*** Block opens ***
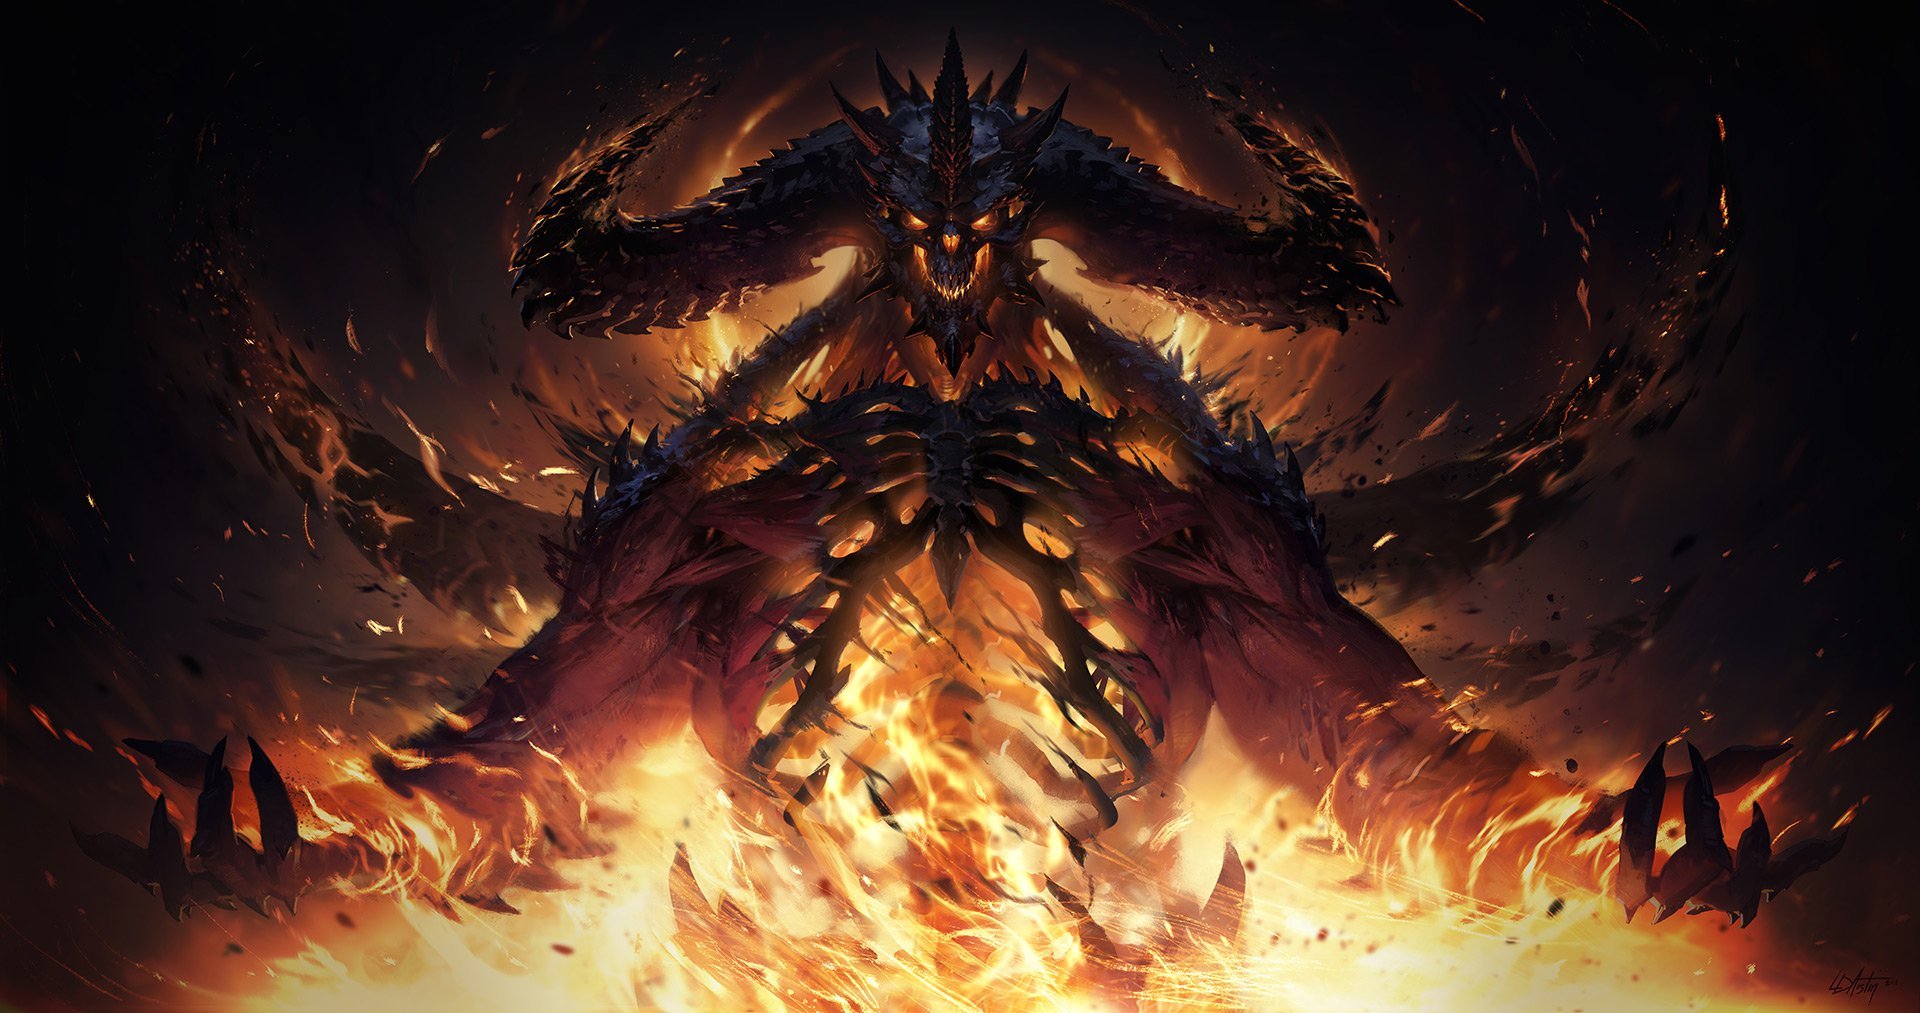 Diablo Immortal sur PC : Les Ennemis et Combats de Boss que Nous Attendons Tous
*** Block closes ***
*** Block opens ***
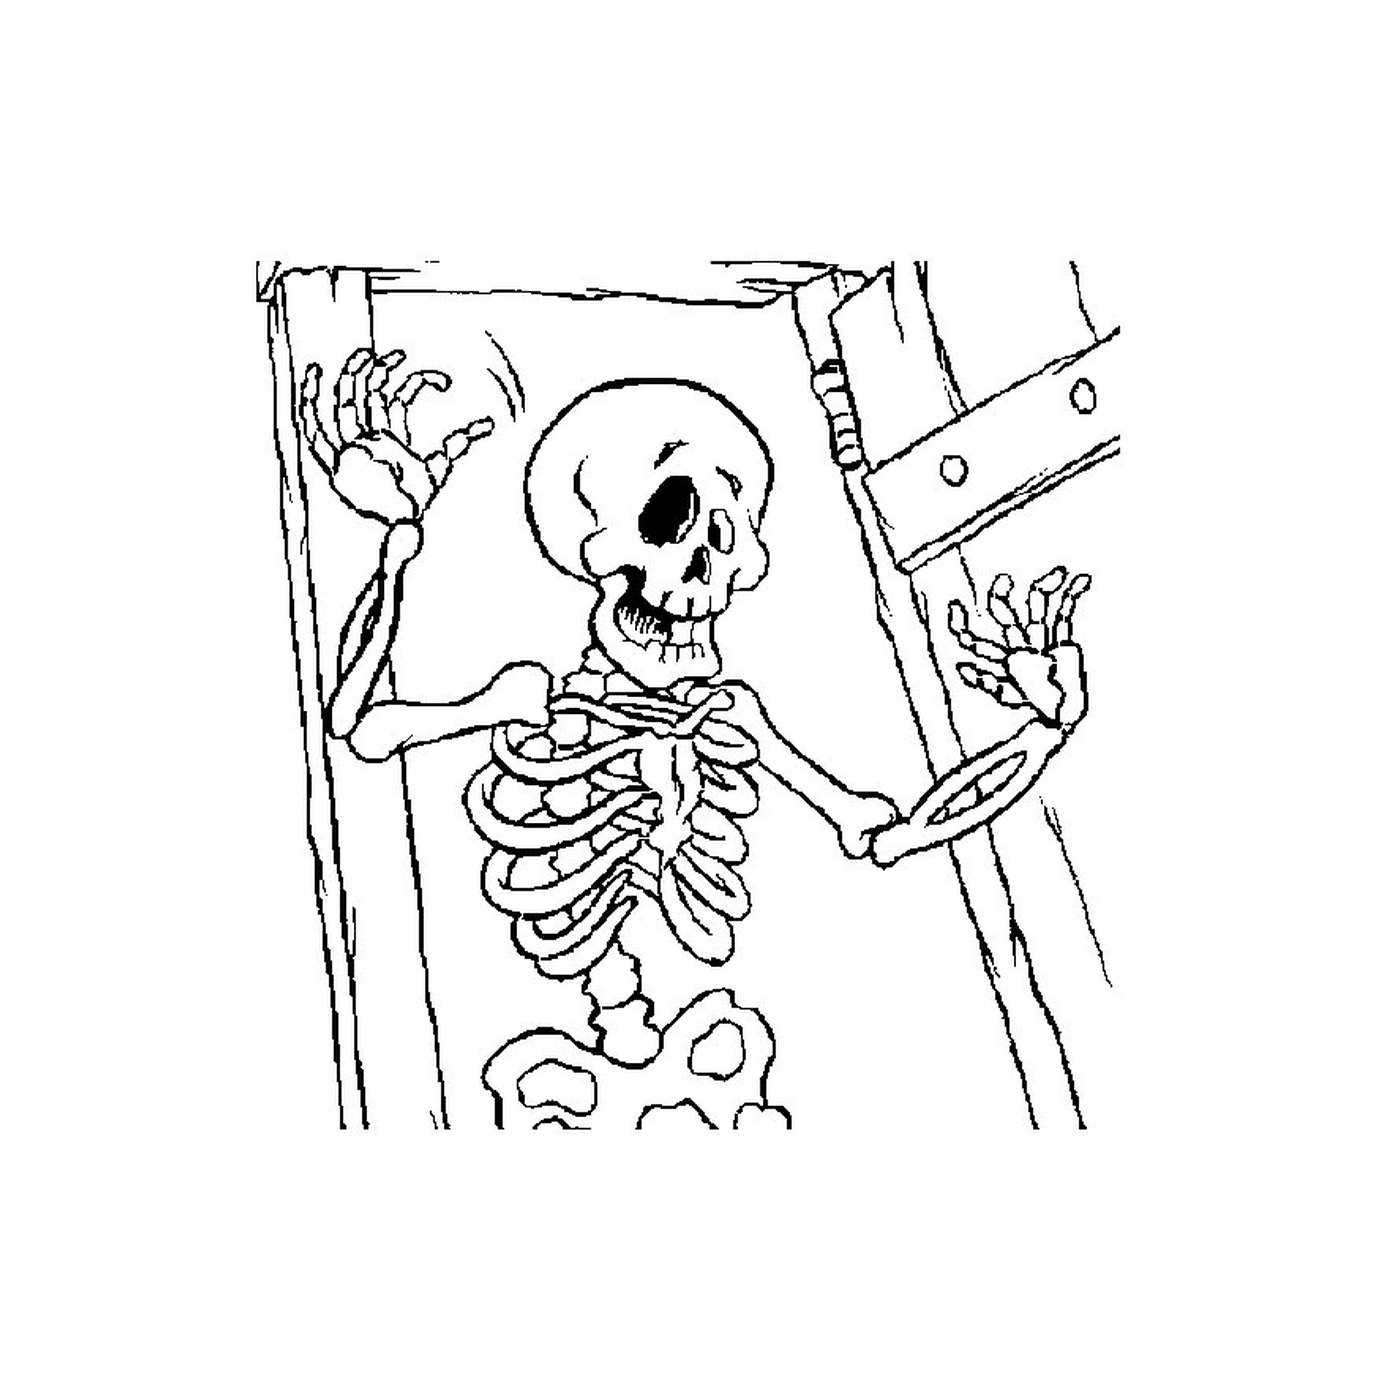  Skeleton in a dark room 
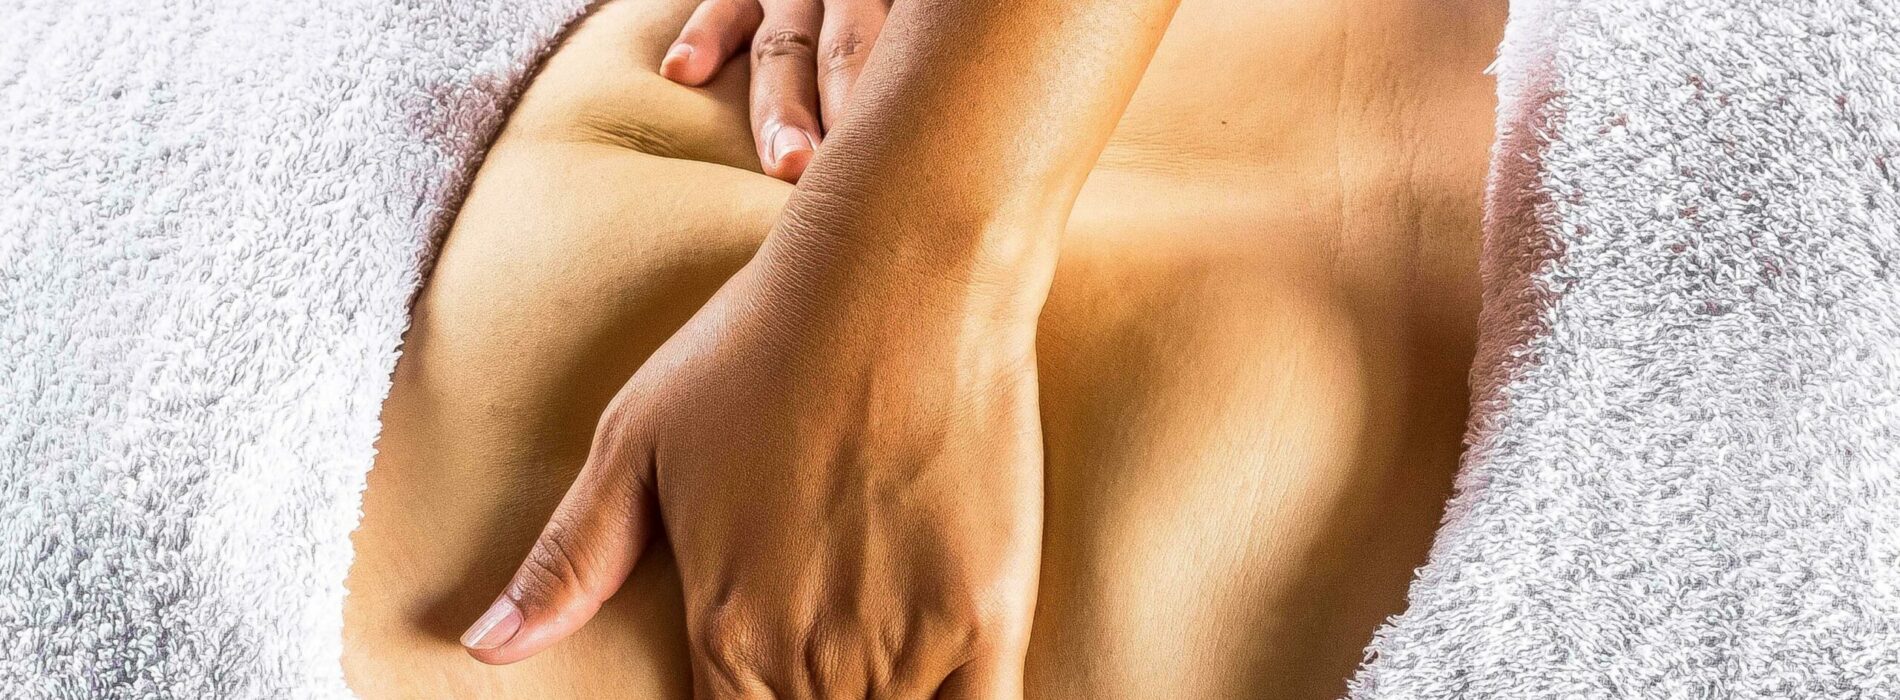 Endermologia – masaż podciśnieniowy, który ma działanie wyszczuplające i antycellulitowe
*** Block closes ***
*** Block opens ***
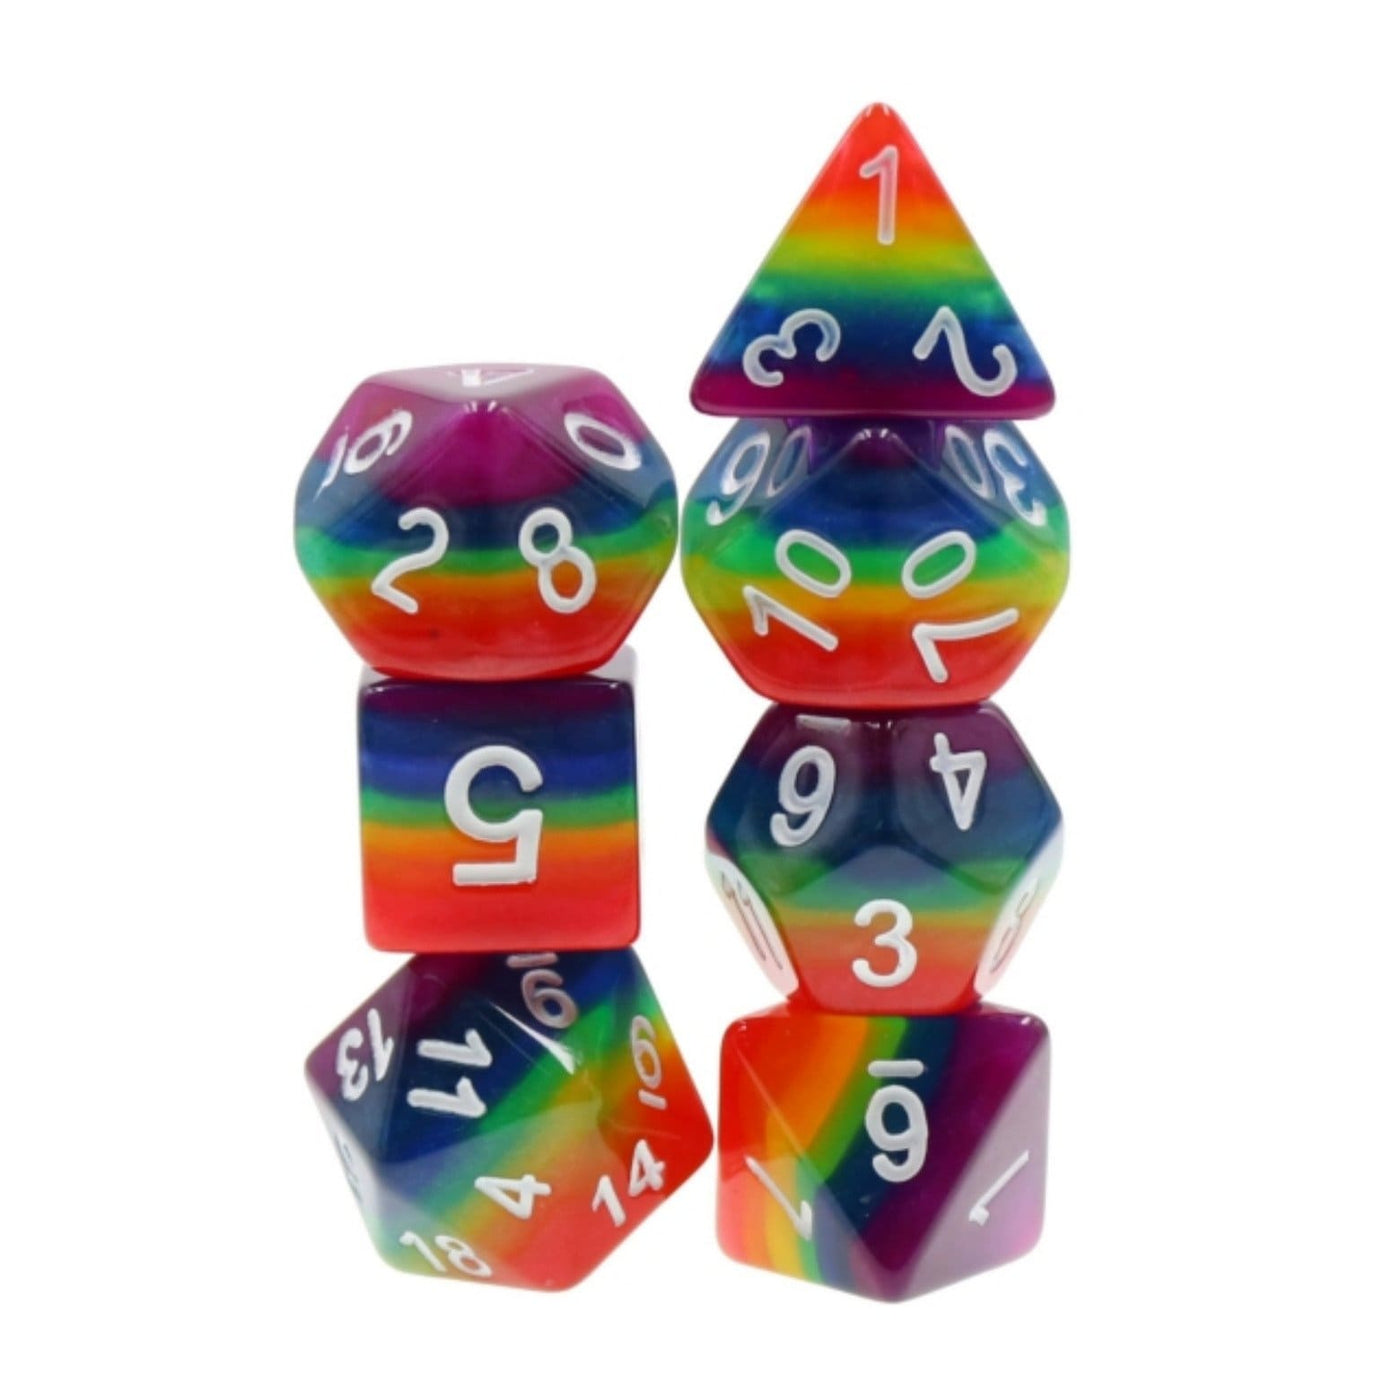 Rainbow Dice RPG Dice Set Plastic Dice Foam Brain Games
*** Block closes ***
Without the pictures, give again exactly the lines above starting at the line containing "Skeleton in a dark room" and ending at the line containing "Endermologia – masaż".

→ Response for this exercise
  Skeleton in a dark room 
 Endermologia – masaż podciśnieniowy, który ma działanie wyszczuplające i antycellulitowe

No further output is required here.